Le modèle en linguistique

S’articule sur ce premier point une théorie de l’apprentissage. La conception chomskyenne d’un système génératif capable d’engendrer une infinité de phrases conduit à un problème sérieux pour l’acquisition par l’enfant de sa langue maternelle, que l’on appelle le problème de la «pauvreté de l’input»: comment l’enfant pourrait-il induire si facilement les règles de bonne formation des phrases de sa langue, alors qu’il n’est soumis qu’à un nombre fini et limité d’exemples de phrases correctes et que ses propres incorrections sont peu (ou même pas du tout) relevées par son entourage? Mathématiquement, on peut montrer qu’un apprentissage de ce type de grammaire ne peut réussir dans ces conditions que si la famille des grammaires possibles est fortement contrainte. Ce qui conduit directement à la thèse «innéiste» chomskyenne: chaque humain naîtrait avec un organe du langage muni d’une grammaire universelle, et l’apprentissage de sa langue maternelle consisterait simplement à fixer un petit nombre de paramètres, à valeur binaire variable suivant les langues.
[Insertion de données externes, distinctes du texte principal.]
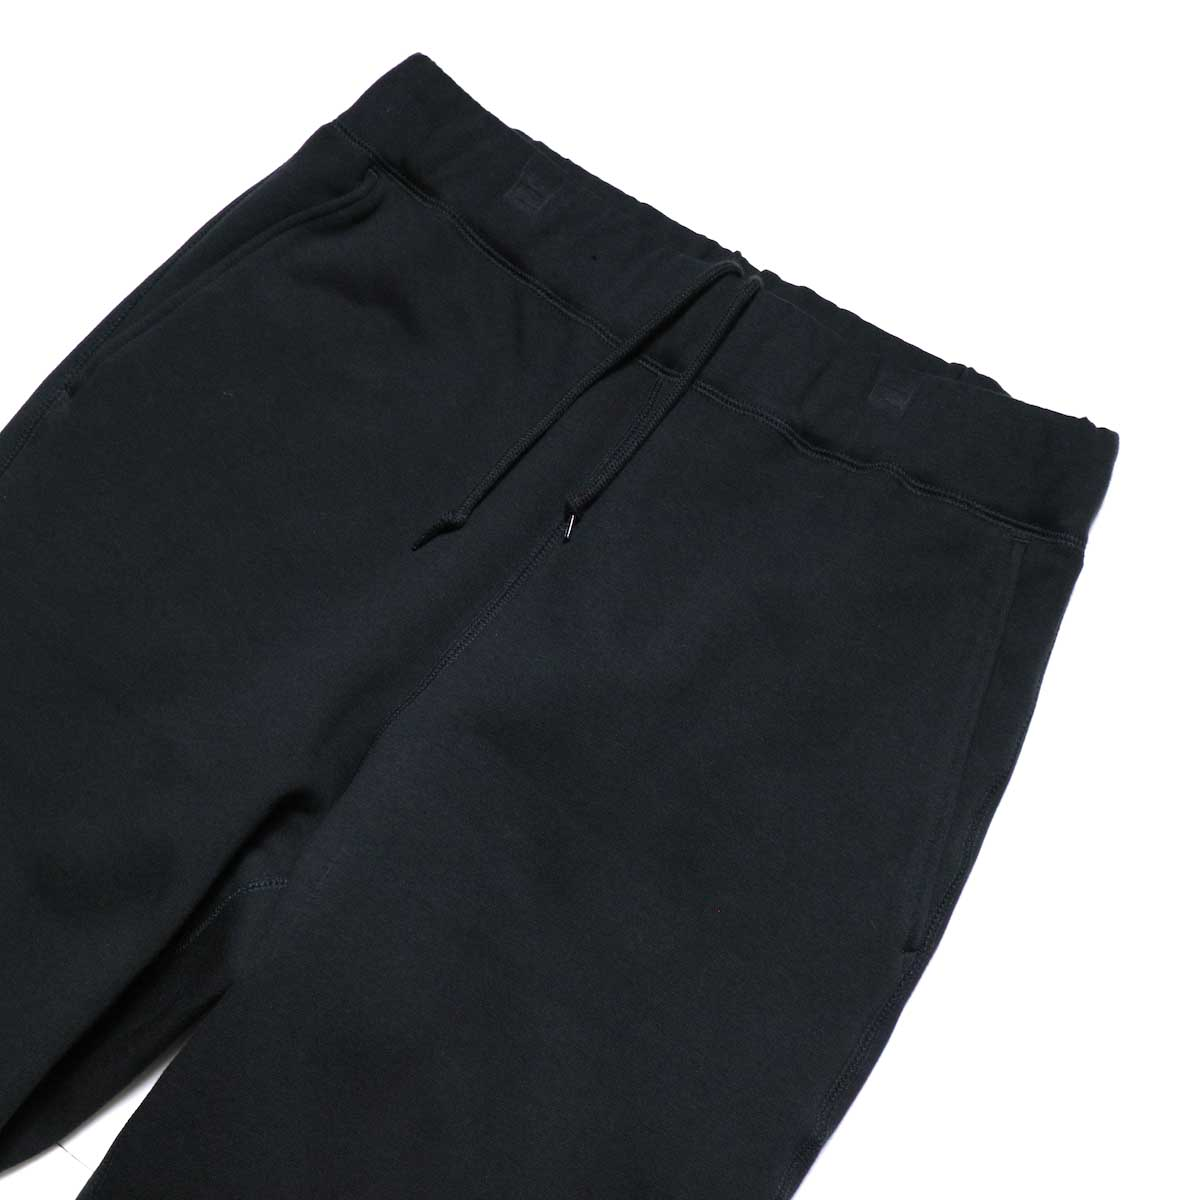 N.HOOLYWOOD / 27RCH-013 Track Pants (Black)ウエスト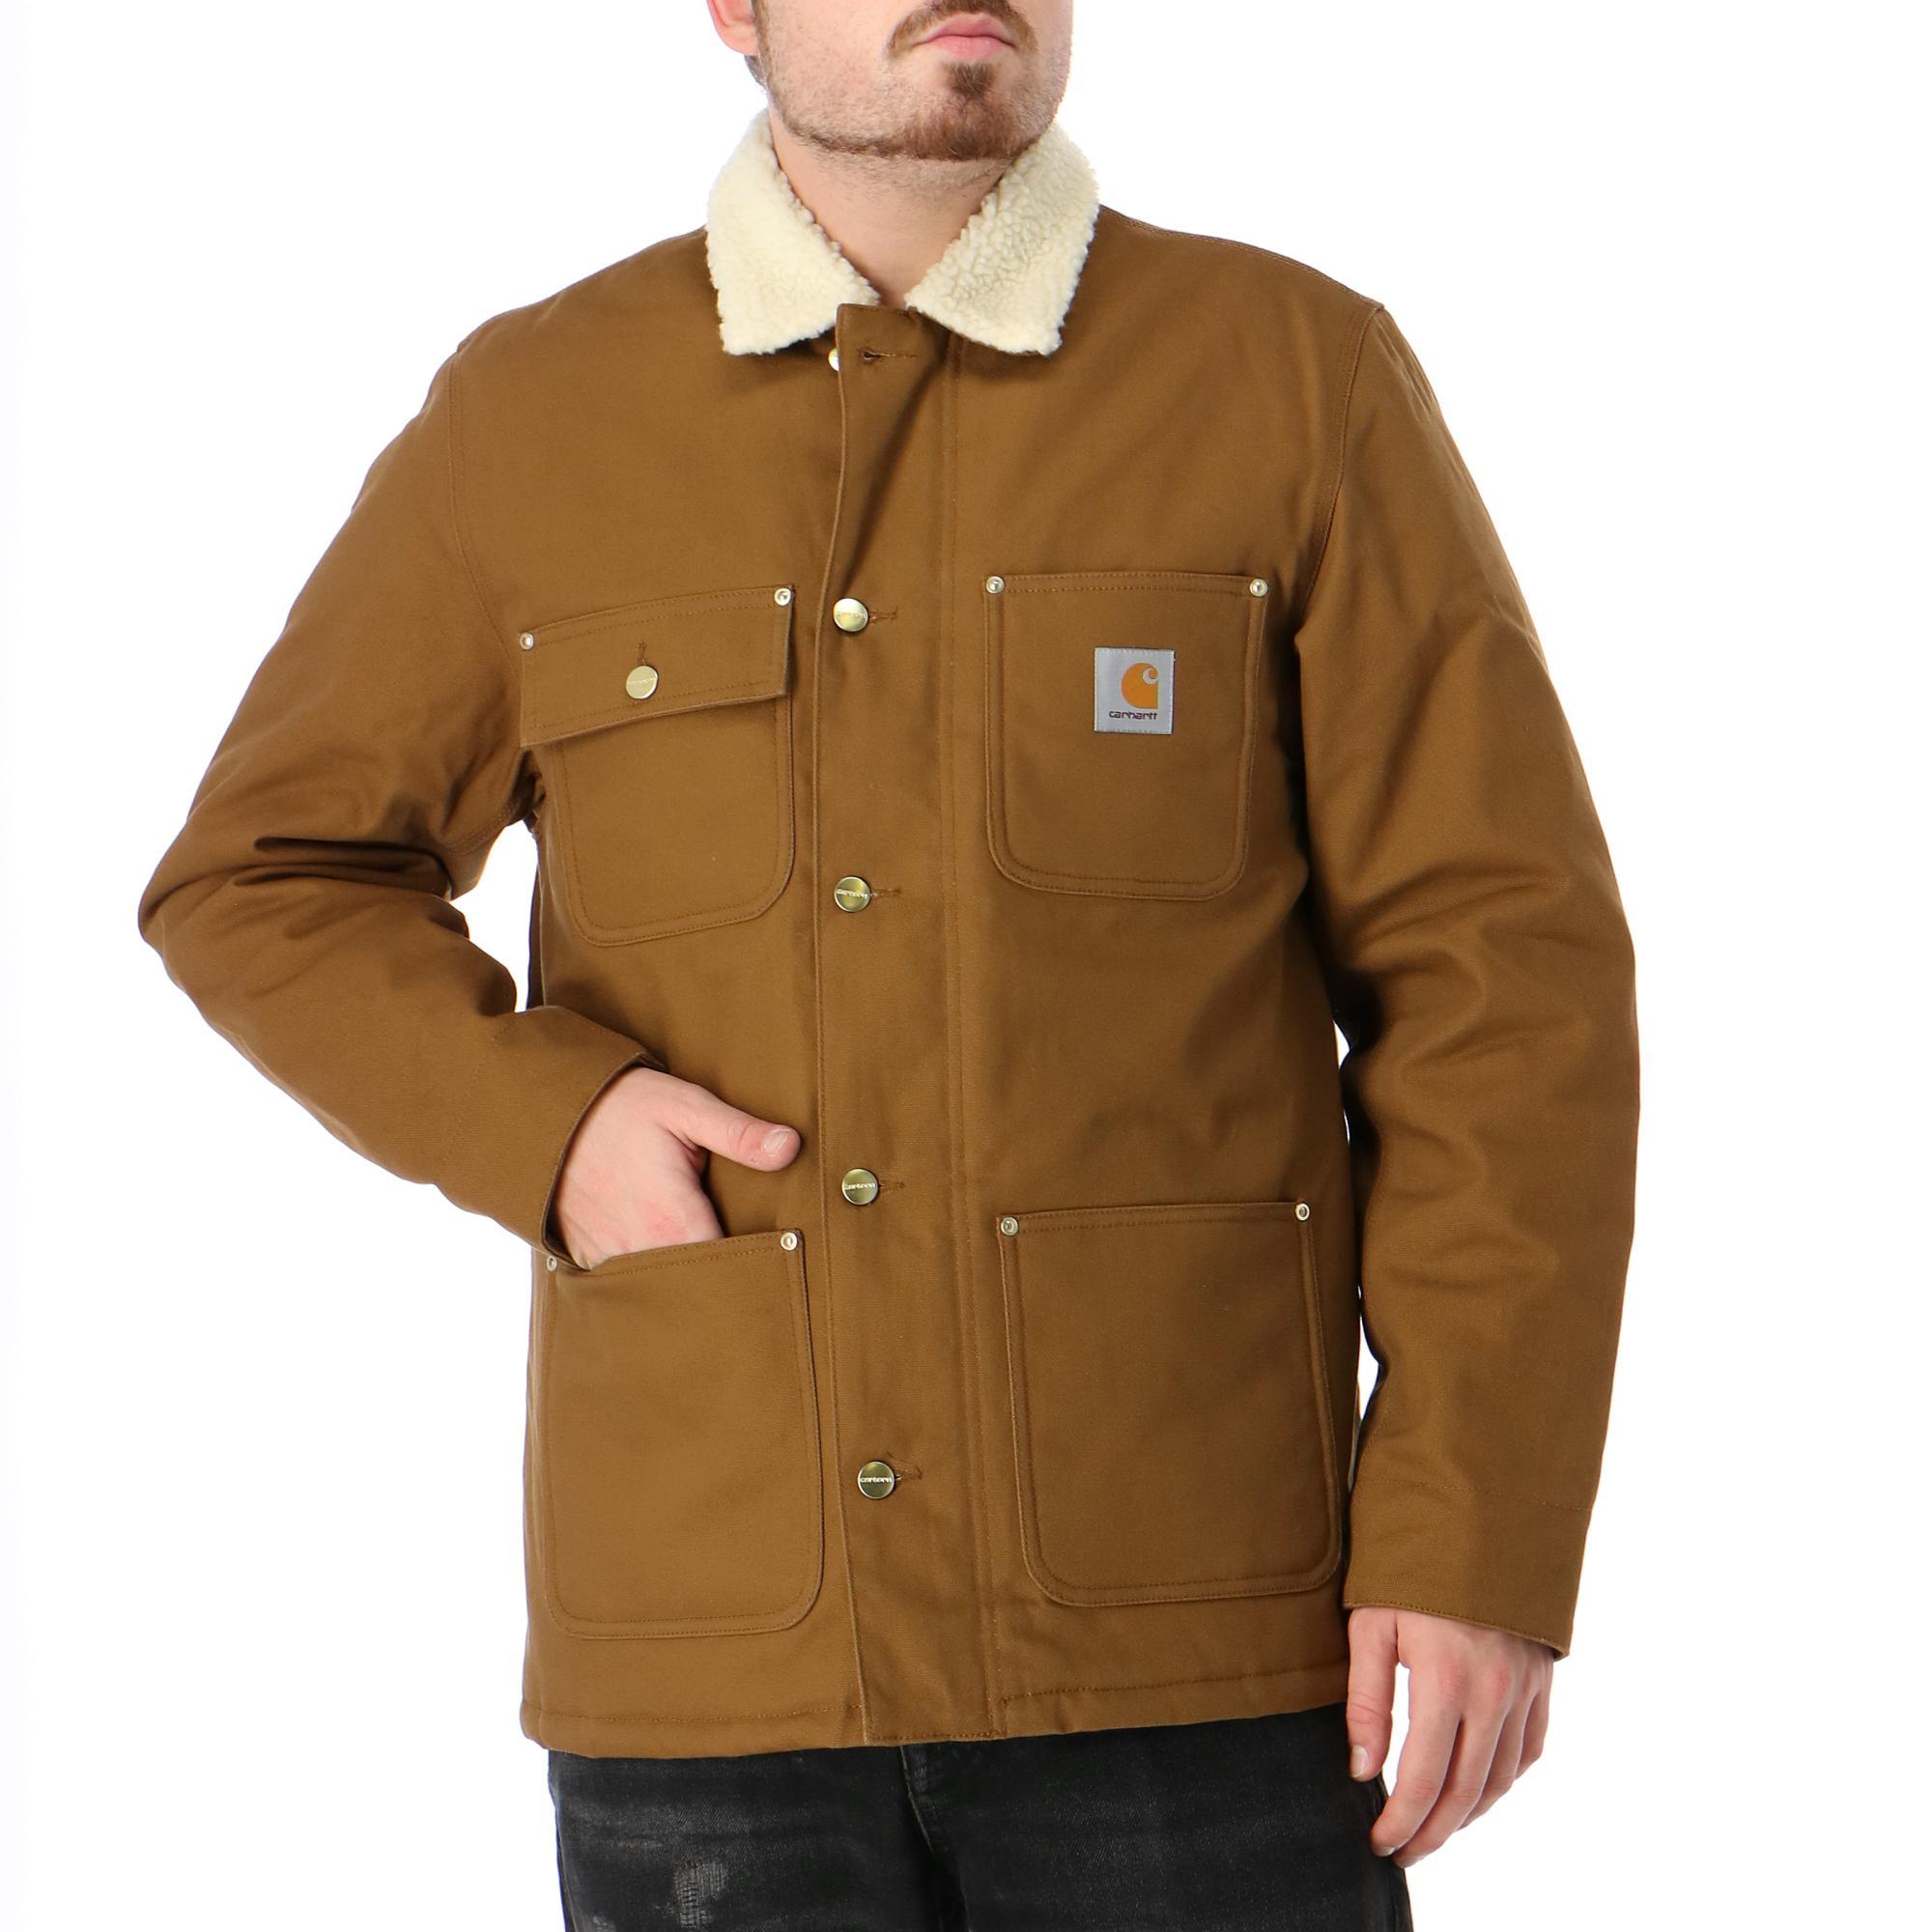 Carhartt Fairmount Coat Hamilton brown rigid

Ce qui, à son tour, sert d’argument à une théorie modulaire de la cognition, dans laquelle cet organe du langage trouve naturellement sa place dans les mécanismes automatiques périphériques. Ainsi des modèles purement linguistiques, «internes», au sens que nous avons donné ici à ce mot, ont-ils des répercussions importantes, bien au-delà des sciences du langage, parfois même contre la volonté de leurs auteurs. Chomsky, par exemple, ne partage pas la conception classique de la modularité telle qu’on la trouve chez Fodor.